The more growth-oriented sectors faced the biggest pressure from rising interest rates last year. In January, battered growth stocks are showing signs of recovery in the hope that the Fed could downshift the pace of rate hikes. 

Consumer discretionary was the best sector this week (+6.38%), boosted by Tesla (TSLA, up 33.34%). The EV maker reported record profits for the fourth quarter and the full year, but tighter profit margins. Recent price cuts may have fuelled demand for its products. Tech stocks got a lift (+4.07%) from Apple (AAPL, up 5.85%). Meta Platforms (META, up 8.88%) led the run-up in communication services (+3.28%).

Defensive sectors lagged again. Health care lost 0.89%, extending its losing streak to five weeks. This sector suffered from notable outflows this week (almost $2bn with healthcare ETFs). Utilities edged down 0.49% while consumer staples managed to edge up 0.43%. All those defensive sectors are set to end the month in negative territory. 

Bond markets remain calm      

The U.S. GDP increased at an annual rate of 2.9% in Q4 2022, lower than the previous quarter but above the consensus estimate of 2.6%. Yields on U.S. Treasuries slightly increased along the curve following the report. 

The benchmark 10- year T-note yield edged up 3 bps to 3.51% while the 2-year yield gained 1 basis point from 4.19% to 4.20%. Over the last four weeks, the Federal Reserve has been letting $81 billion worth of assets roll off its balance sheet, reducing the money supply and the availability of credit in the financial system. That might prompt businesses to delay any new investments, including hiring. For the record, the U.S. central bank has already allowed its balance sheet to shrink by $500 billion from the peak observed in mid-April 2022, to $8.47 trillion.

In Europe, the yield on the German 10-year Bund rose 6 basis points to 2.24% while the French OAT yield with the same maturity closed at 2.71% (up 10 basis points). In Japan, the BOJ's dogged defense of yield curve control seems to be working with 10-year yields holding below the 0.50% ceiling (up 8 basis points at 0.485%).

Corporate bonds were mixed.

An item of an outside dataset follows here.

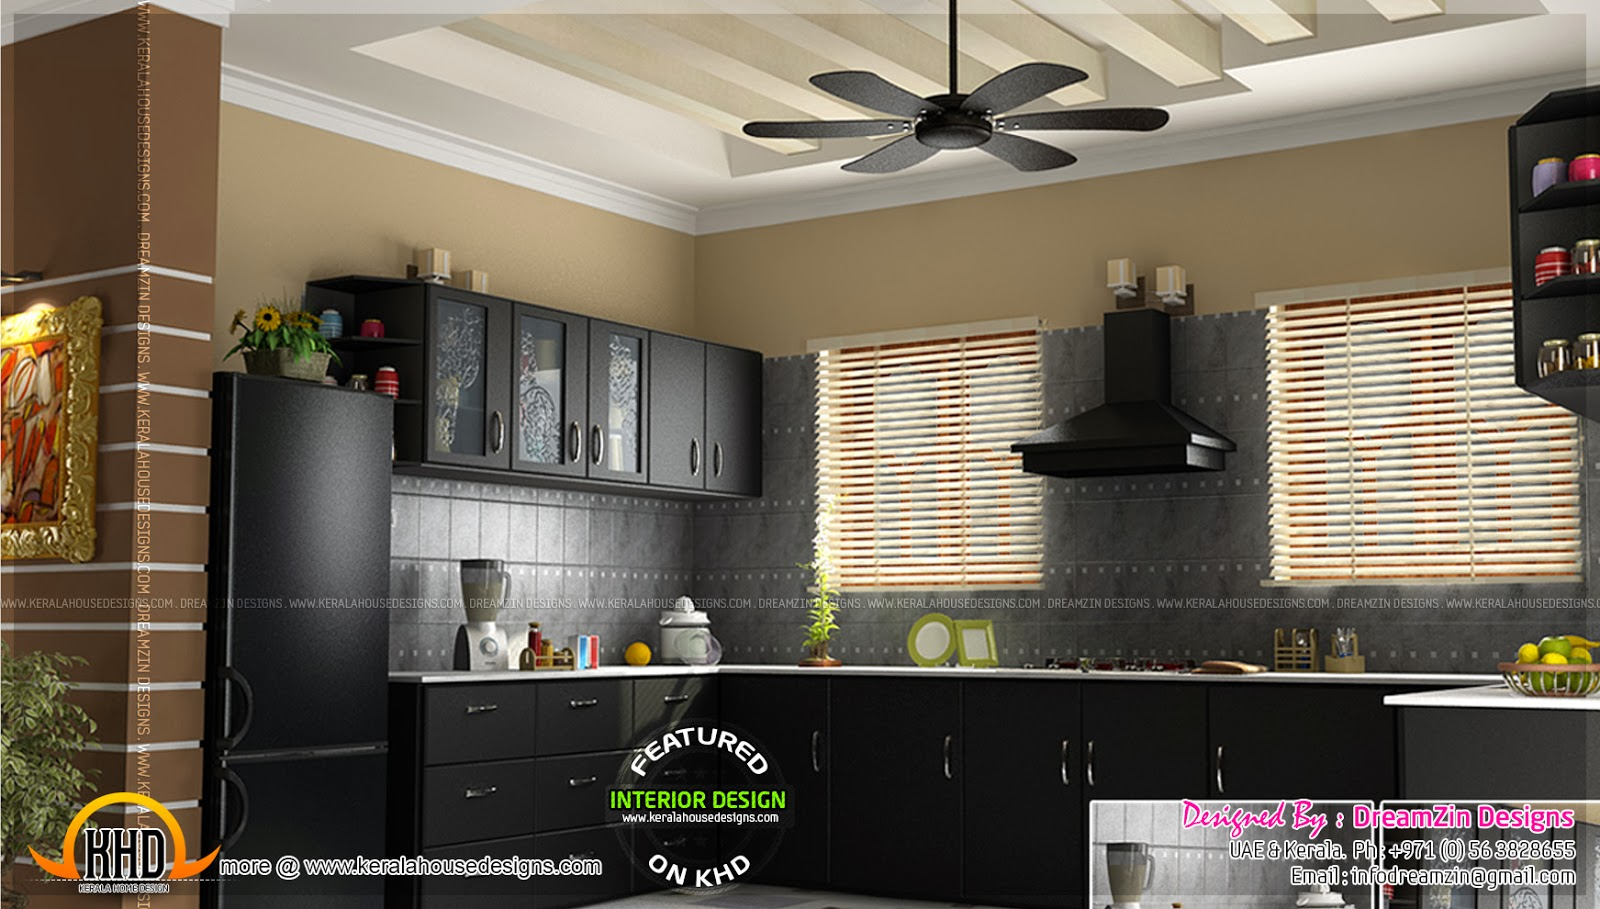 kitchen interior dining area design home kerala plans kitchen interiors modular kitchens chennai chennai interior
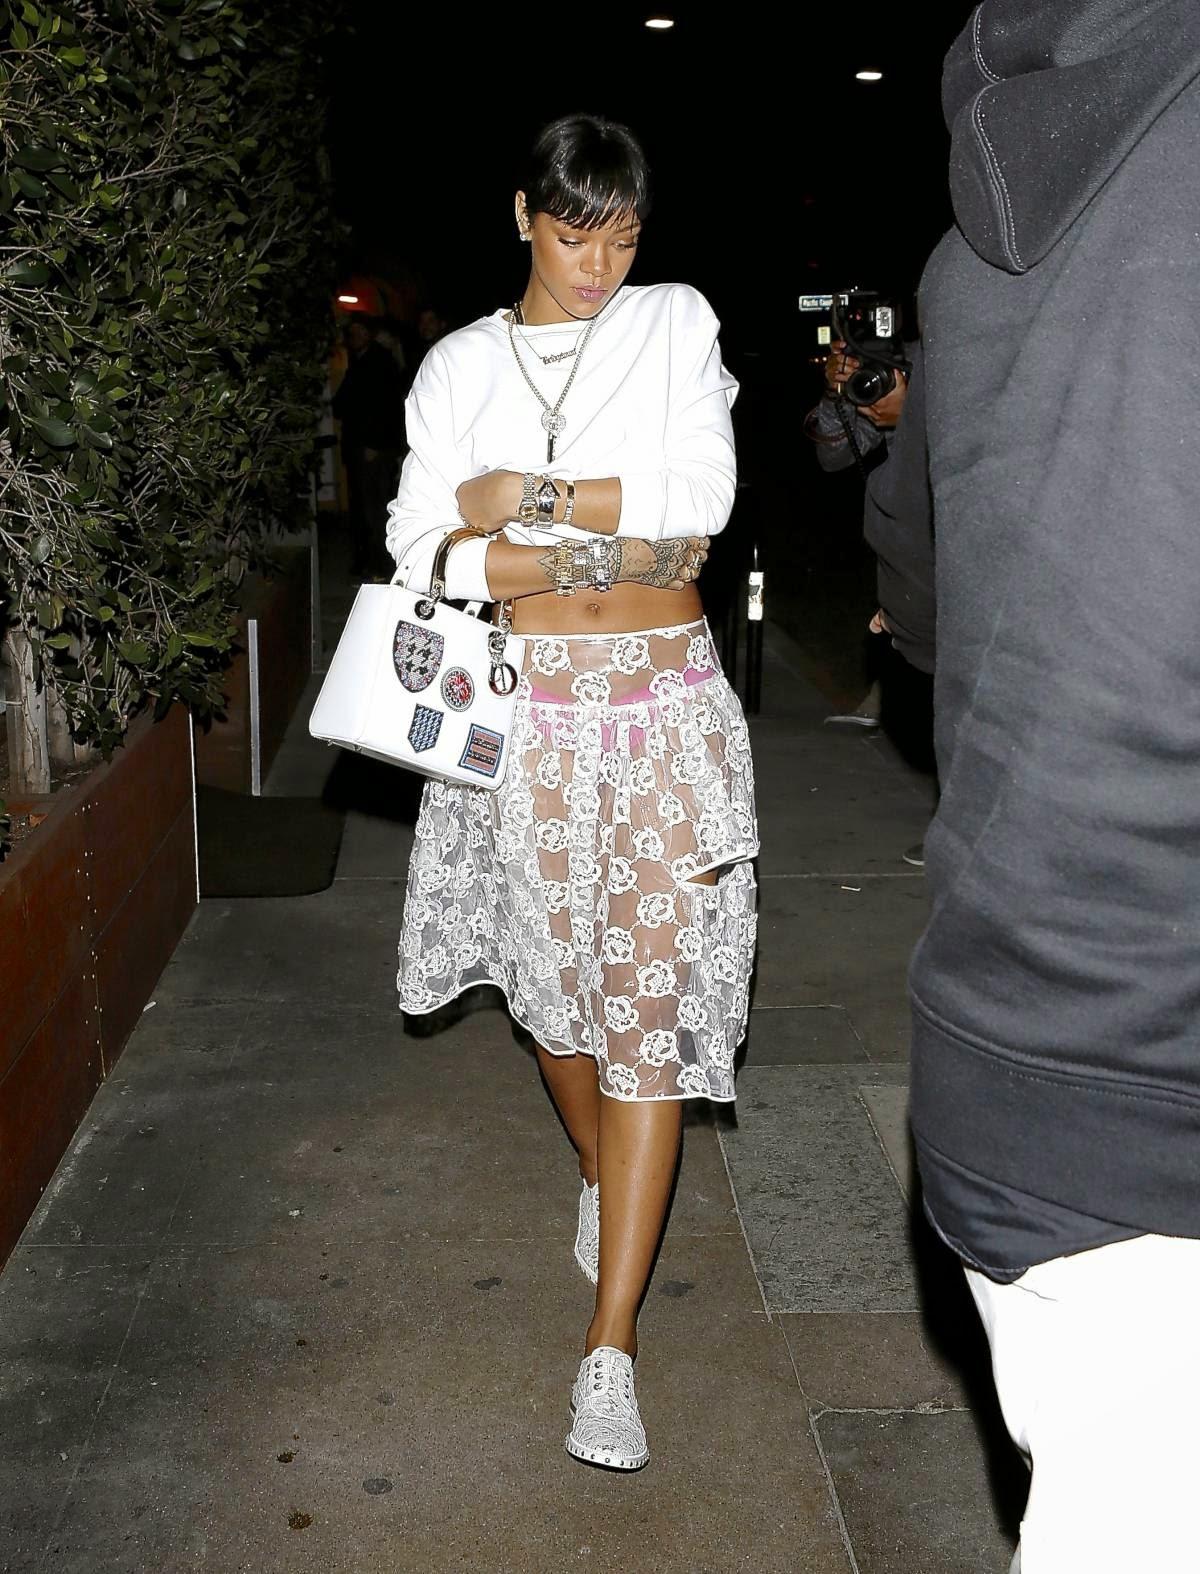 Rihanna See Through White Skirt Candids In L.A.

Investment grade corporate bond prices were down 0.15% in Europe (IBOXX € Liquid Corporates index) and up 0.24% in the U.S. (IBOXX iShares $ Investment Grade Corporate Bond Index). High-yield bonds notched a fourth week of gains in Europe (IBOXX € Liquid High Yield Index up +0.22%). They added 0.29% in the U.S. (Markit iBoxx USD Liquid High Yield Capped Index). Emerging debt in local currencies turned positive with a gain of 0.61% as the greenback continued to weaken against most currencies. 

Gold prices were little changed at $1,929.40/Oz (+0.06%). The yellow metal reached its highest level since April.